> What is required
Exactly as written, retype the listing below, omitting the pictures.
*** Available data Section Begins ***
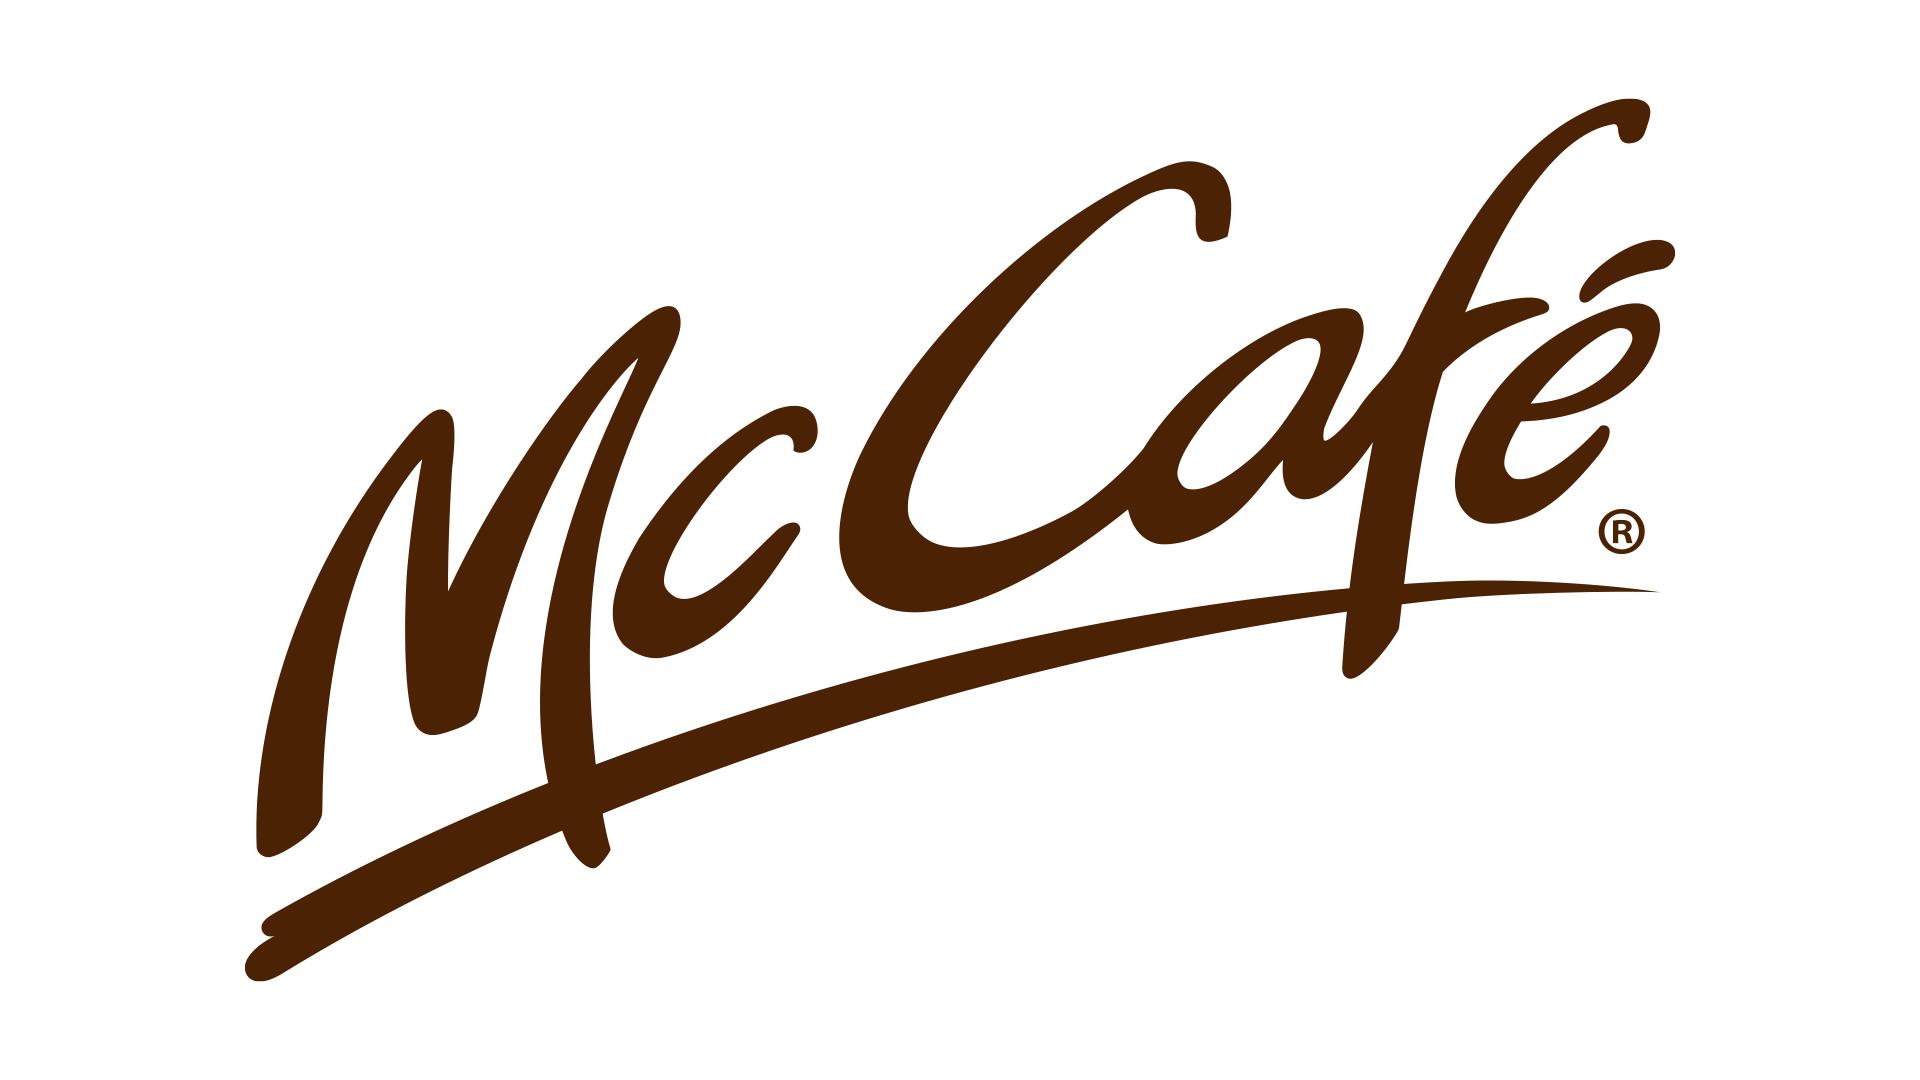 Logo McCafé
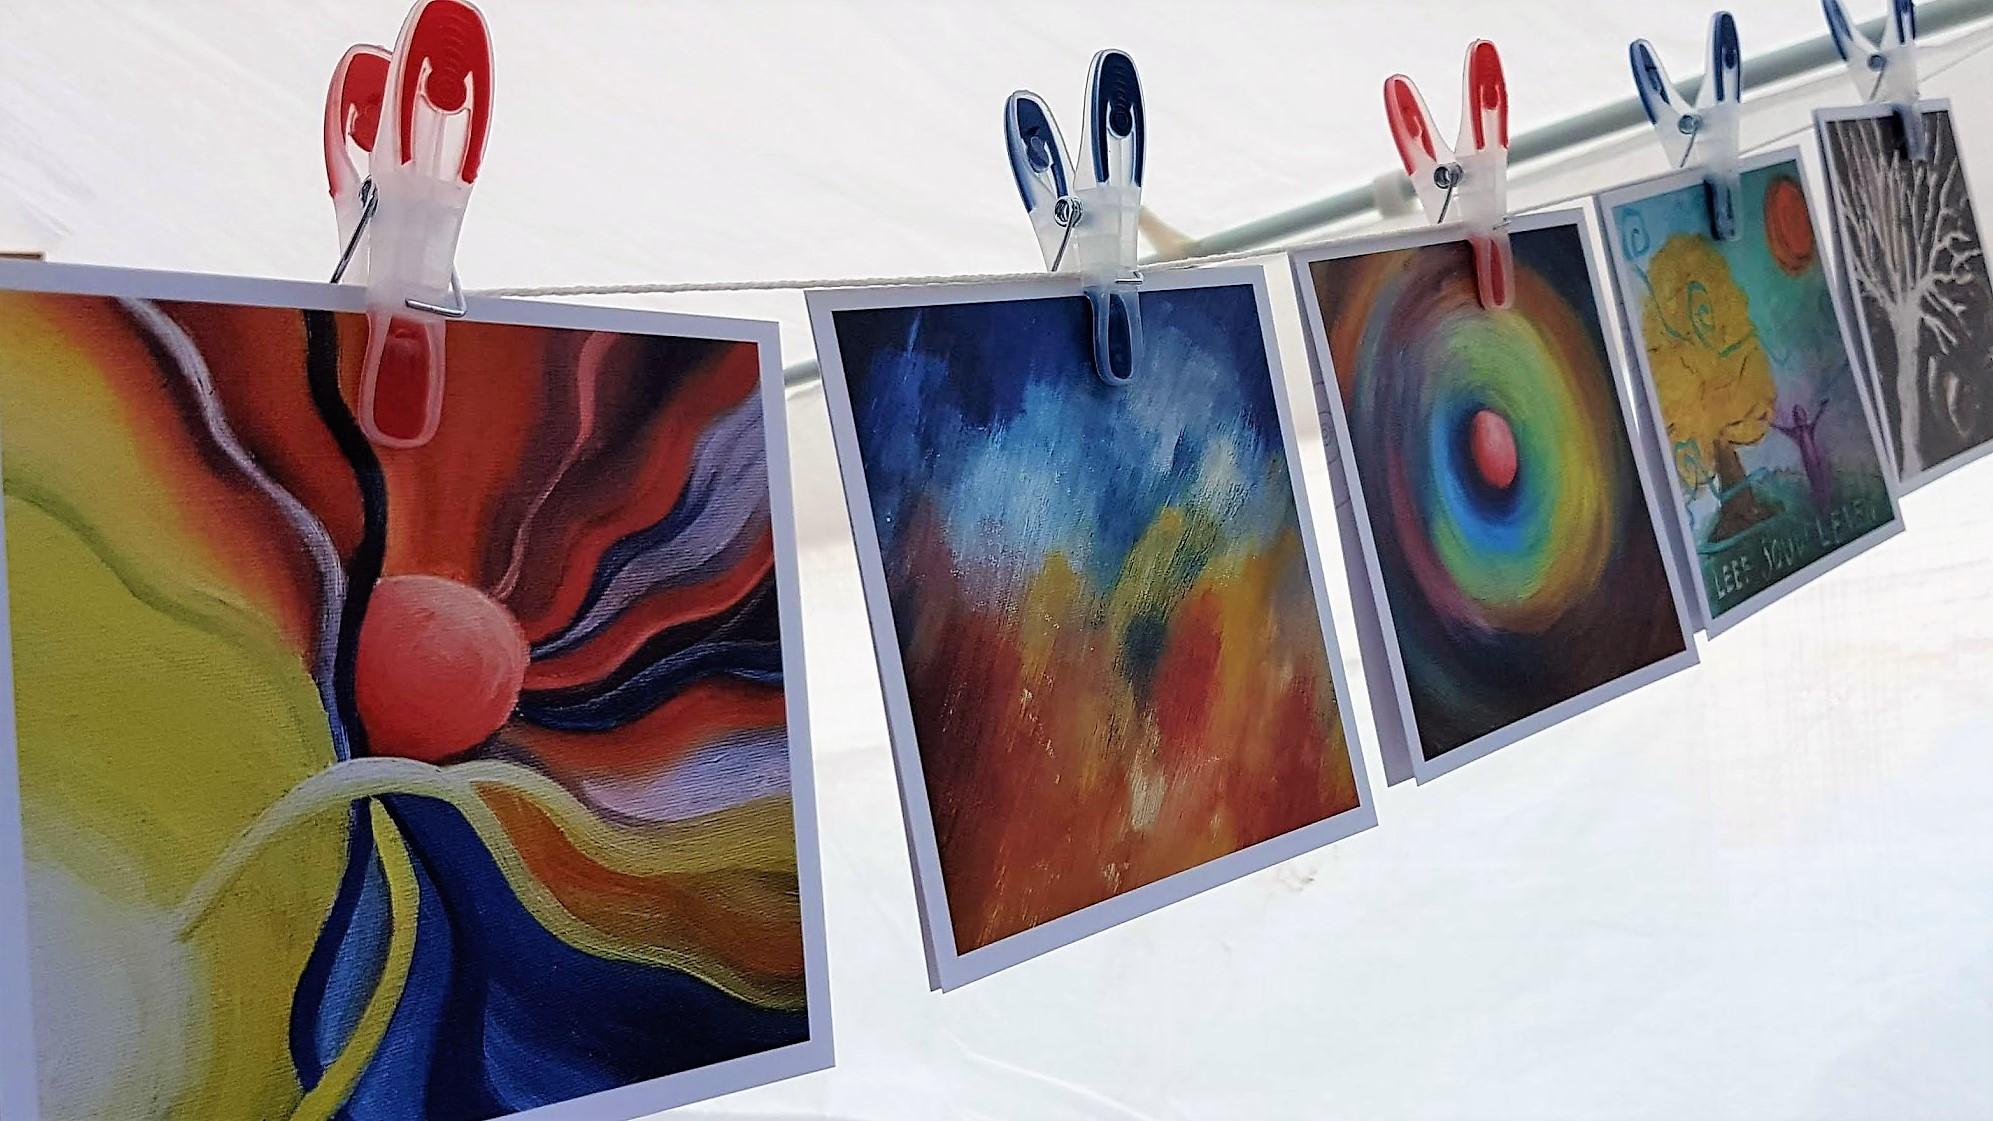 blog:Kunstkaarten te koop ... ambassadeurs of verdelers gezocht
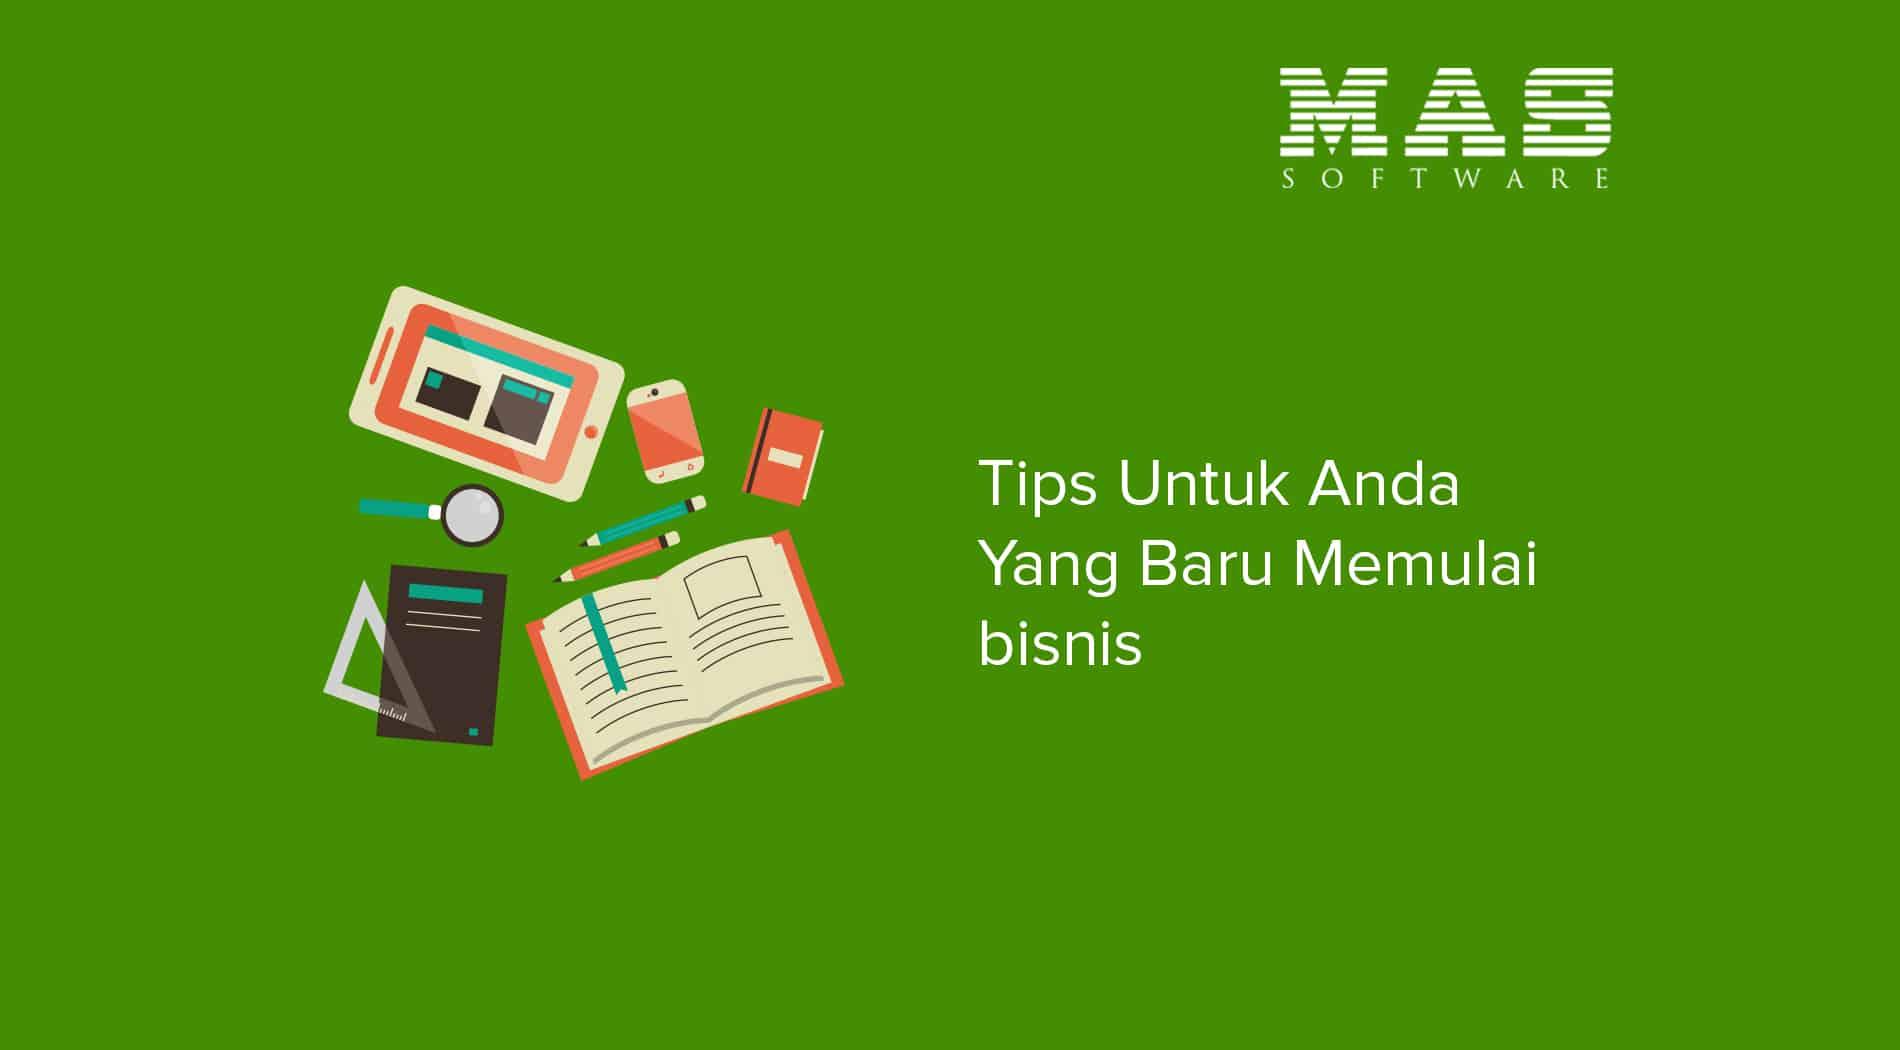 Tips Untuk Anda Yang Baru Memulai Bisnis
*** Available data Section Ends ***
> Your response
 Logo McCafé
 blog:Kunstkaarten te koop ... ambassadeurs of verdelers gezocht
 Tips Untuk Anda Yang Baru Memulai Bisnis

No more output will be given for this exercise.